• **Your objective**
Using the data that follows, output only the lines from the line with "funny-animals-lick-glass-windows" up to and including the line with "ULTECHNOVO Clear Plastic", exactly, leaving pictures aside.

• **Data for analysis**
•••

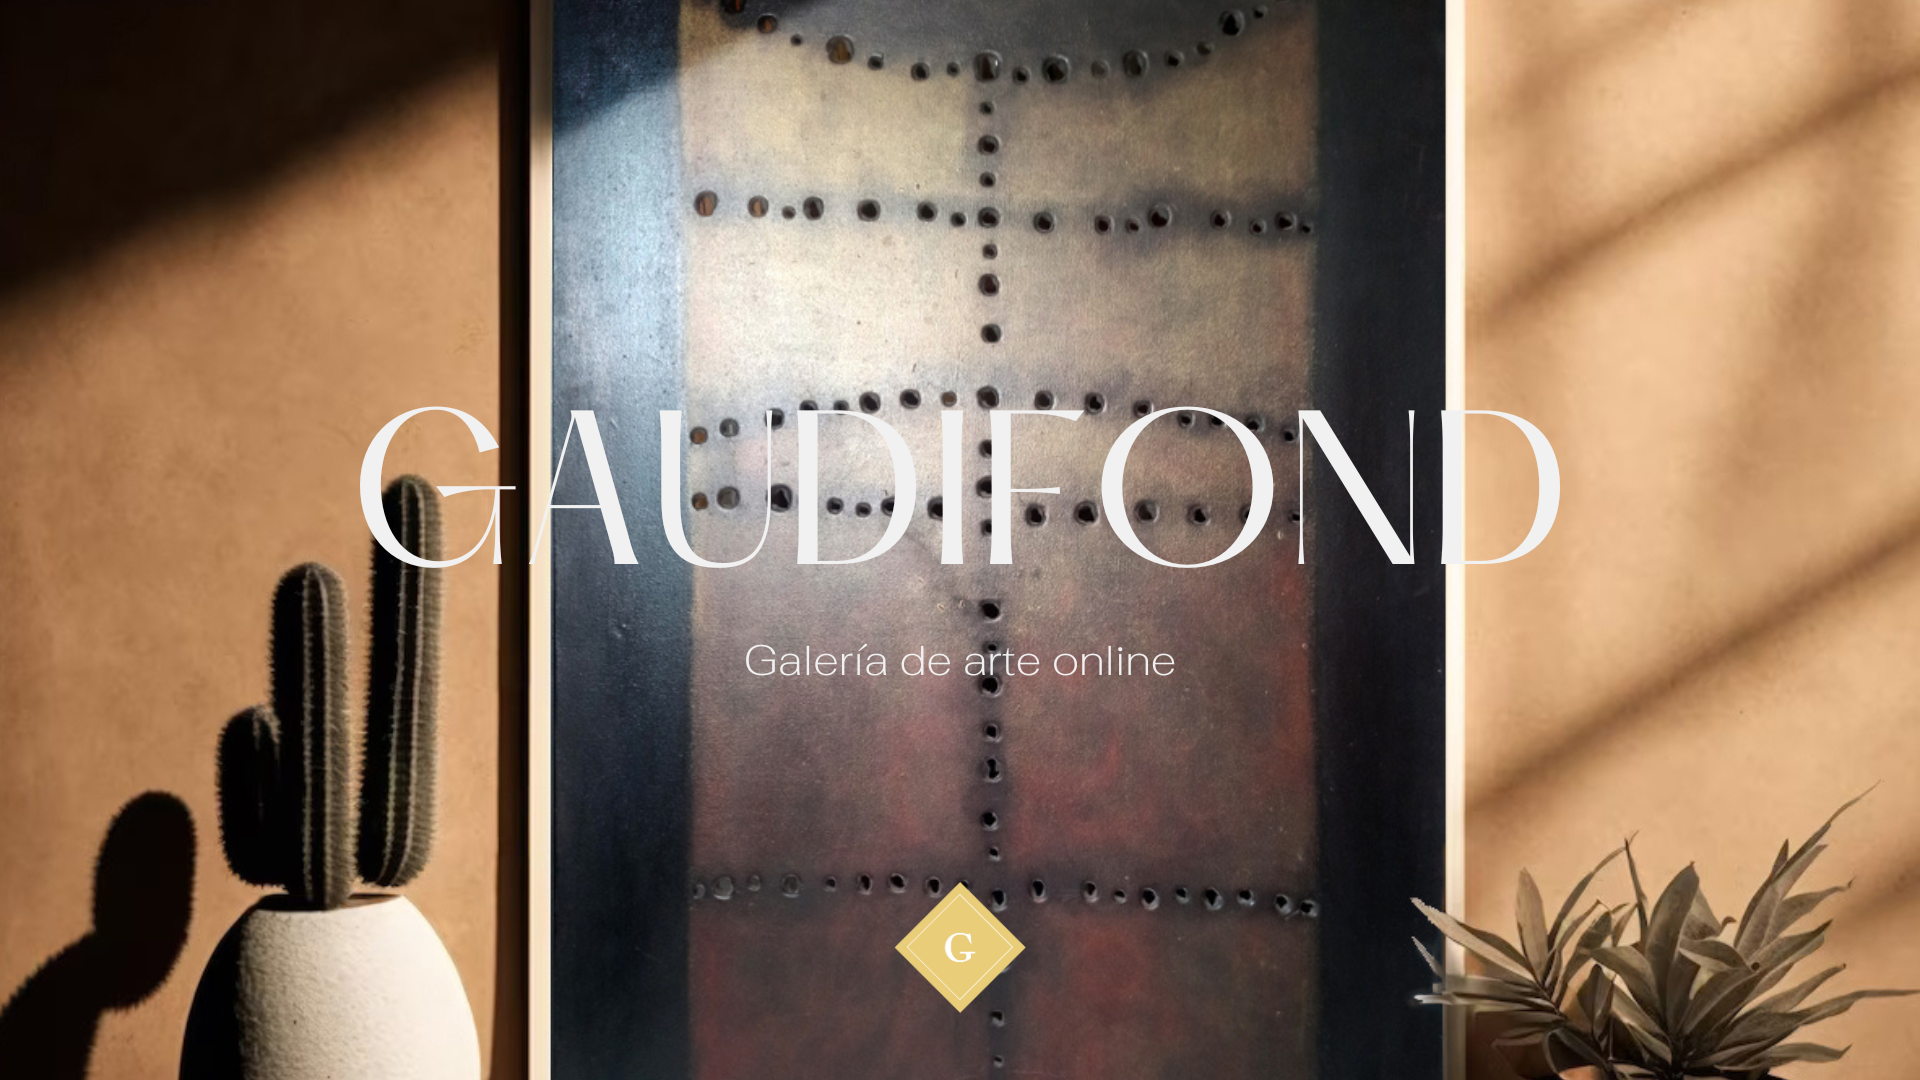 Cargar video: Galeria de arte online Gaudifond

•••

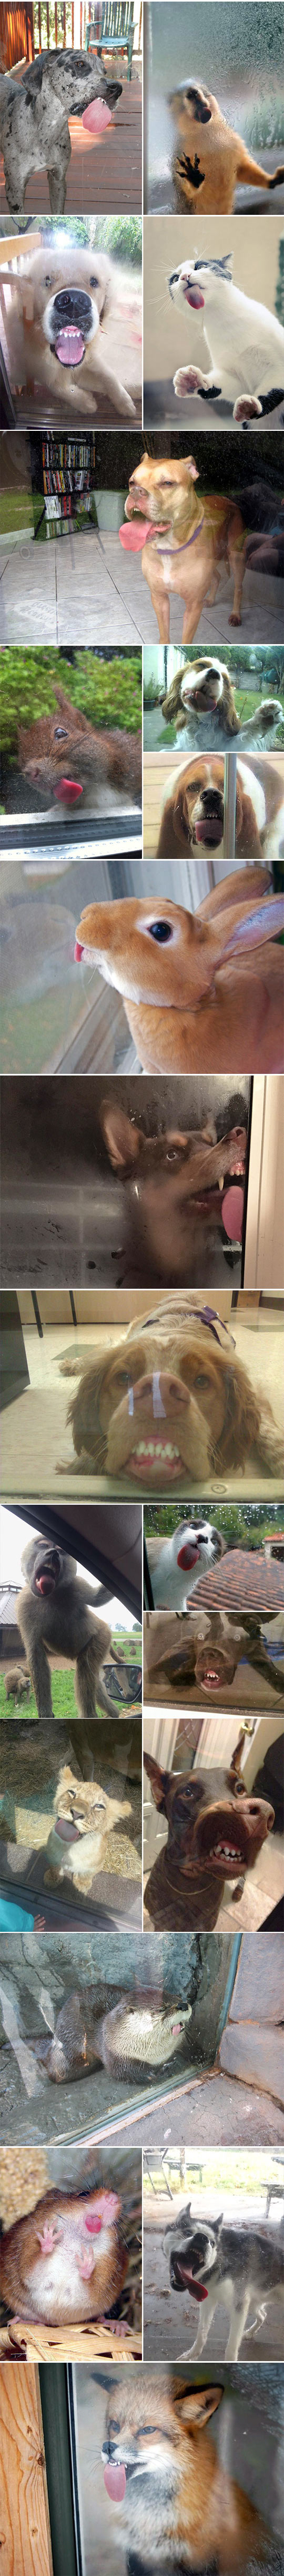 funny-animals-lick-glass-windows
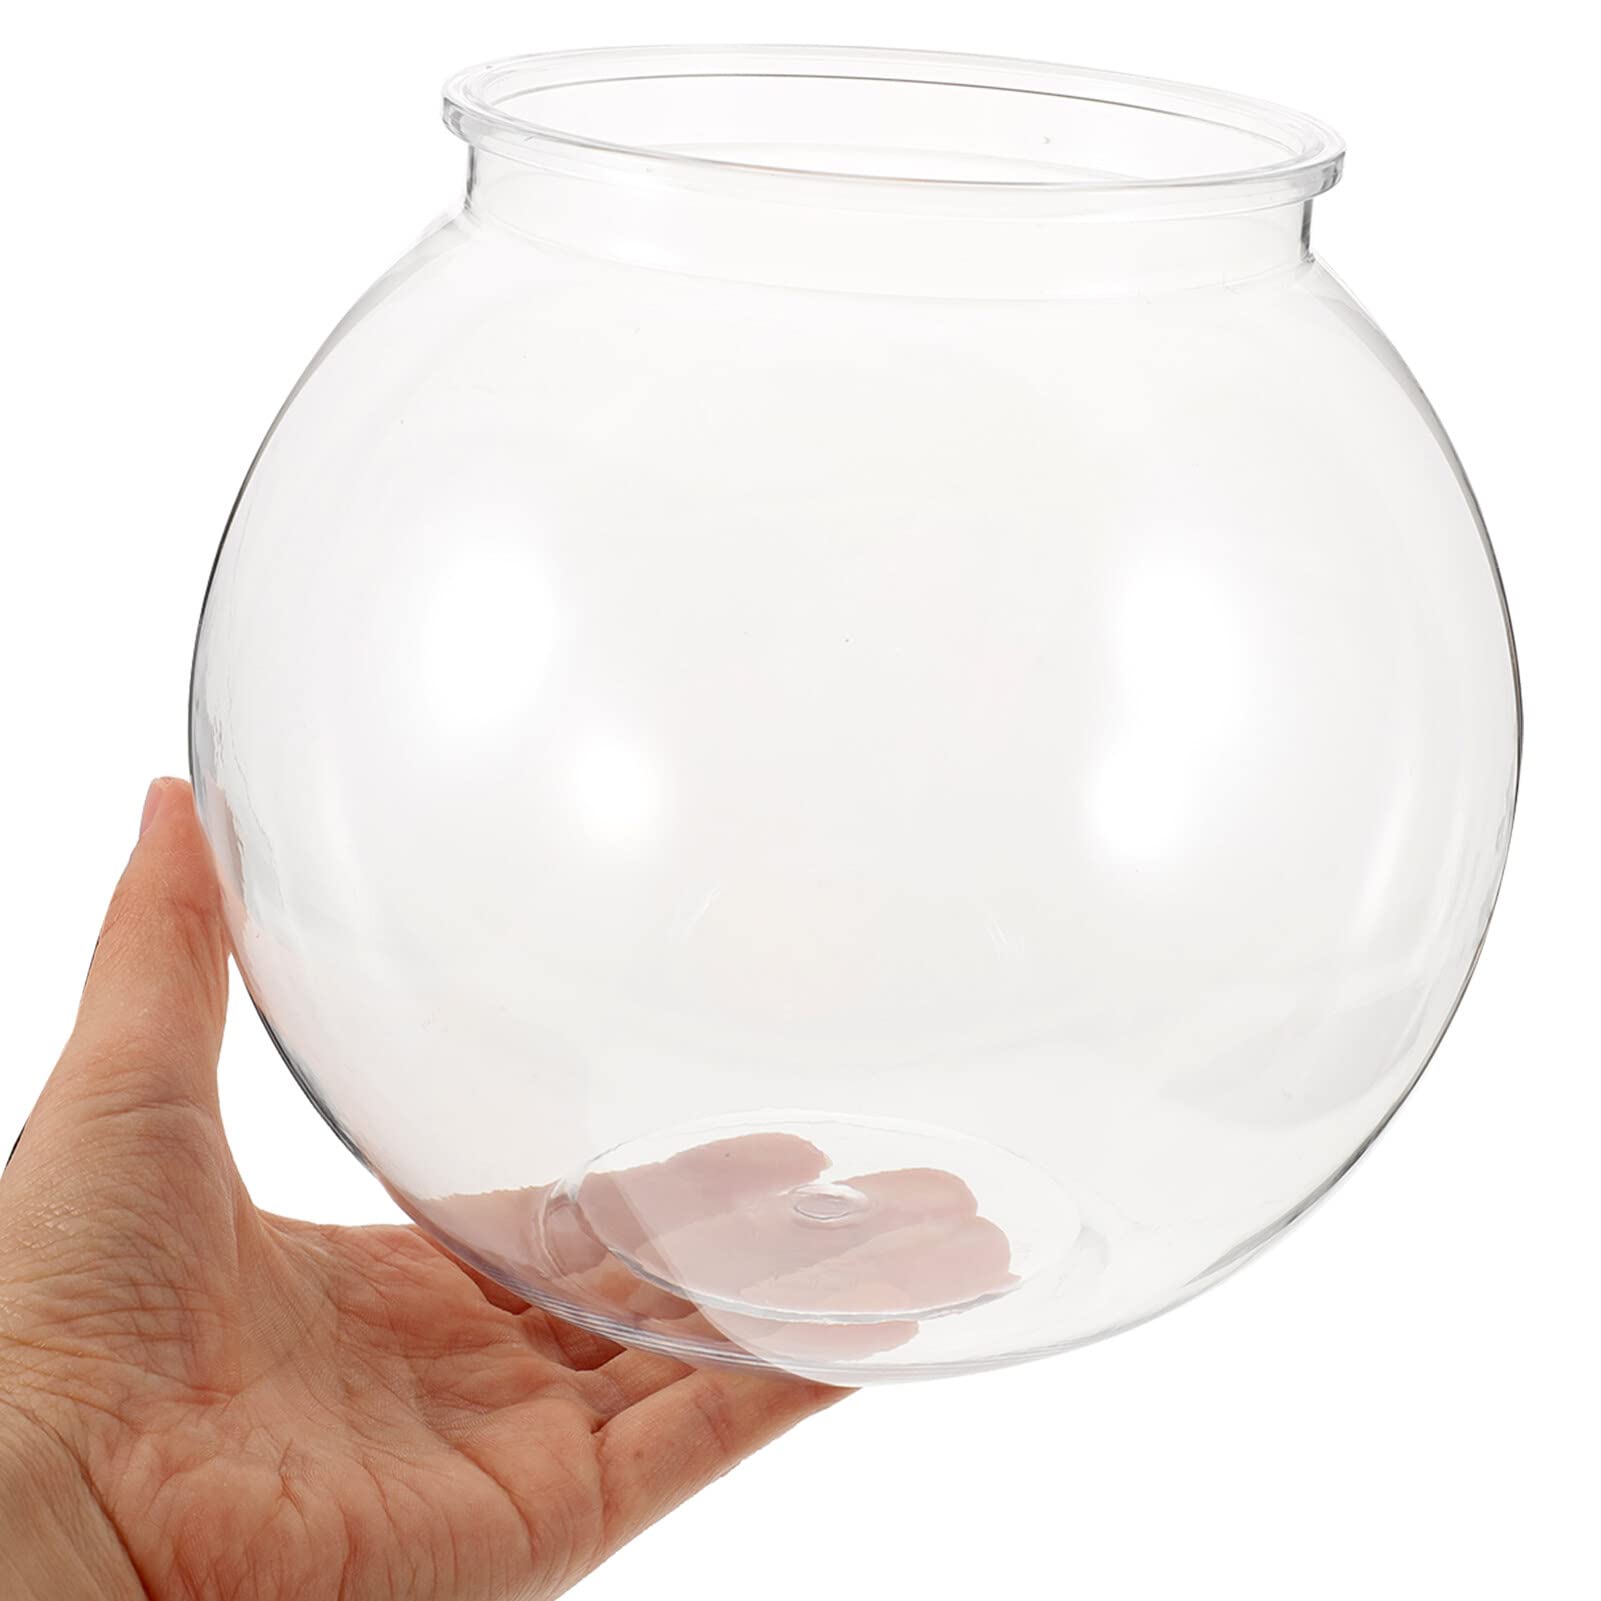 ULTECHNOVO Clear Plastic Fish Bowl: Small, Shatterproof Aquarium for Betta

•••

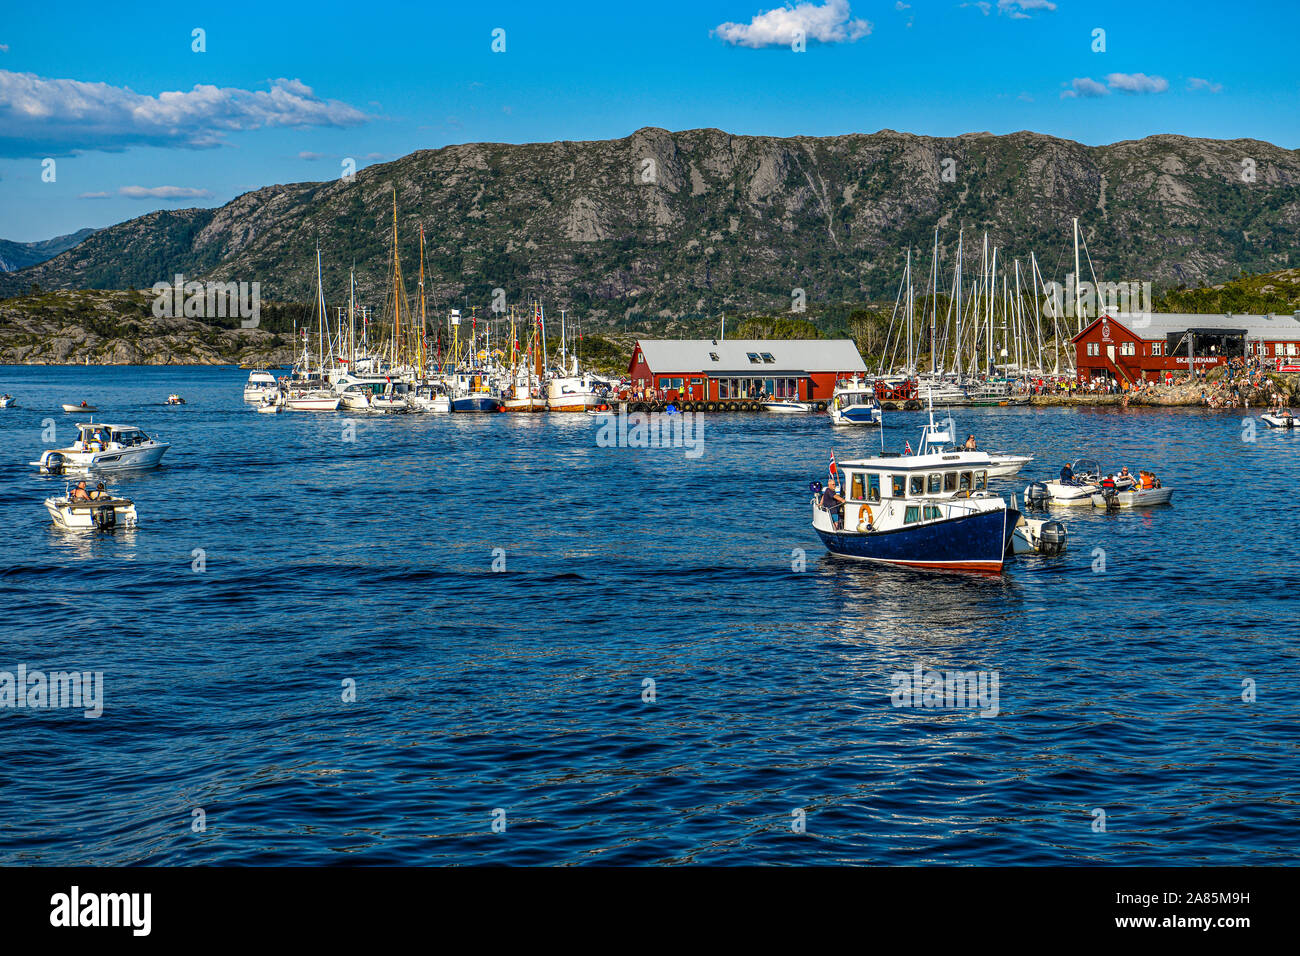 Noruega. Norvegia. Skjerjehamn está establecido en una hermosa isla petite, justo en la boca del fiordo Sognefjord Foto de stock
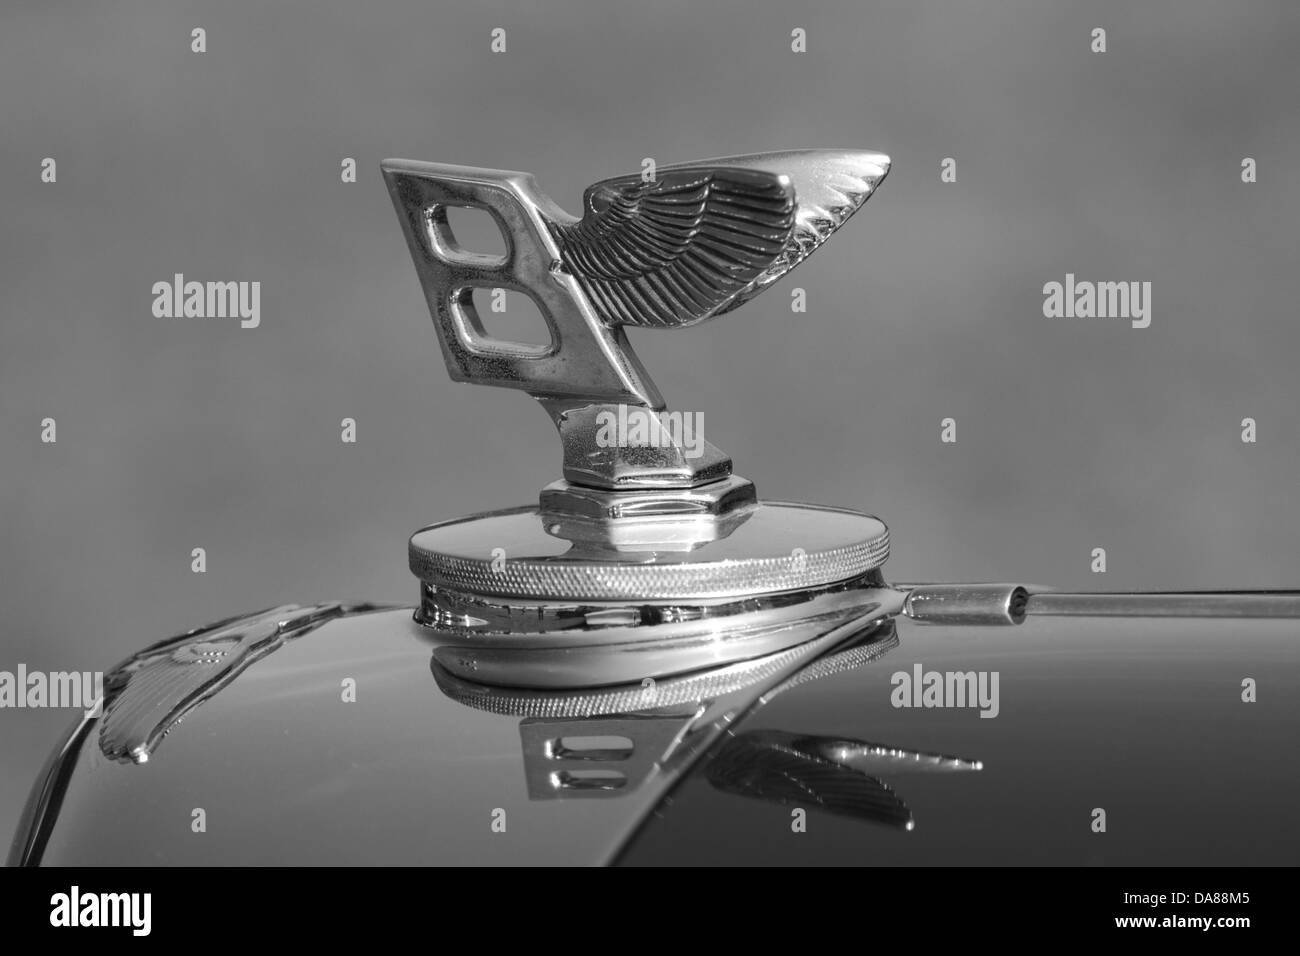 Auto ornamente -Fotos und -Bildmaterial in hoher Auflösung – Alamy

•••

• **Exercise answer**
 funny-animals-lick-glass-windows
 ULTECHNOVO Clear Plastic Fish Bowl: Small, Shatterproof Aquarium for Betta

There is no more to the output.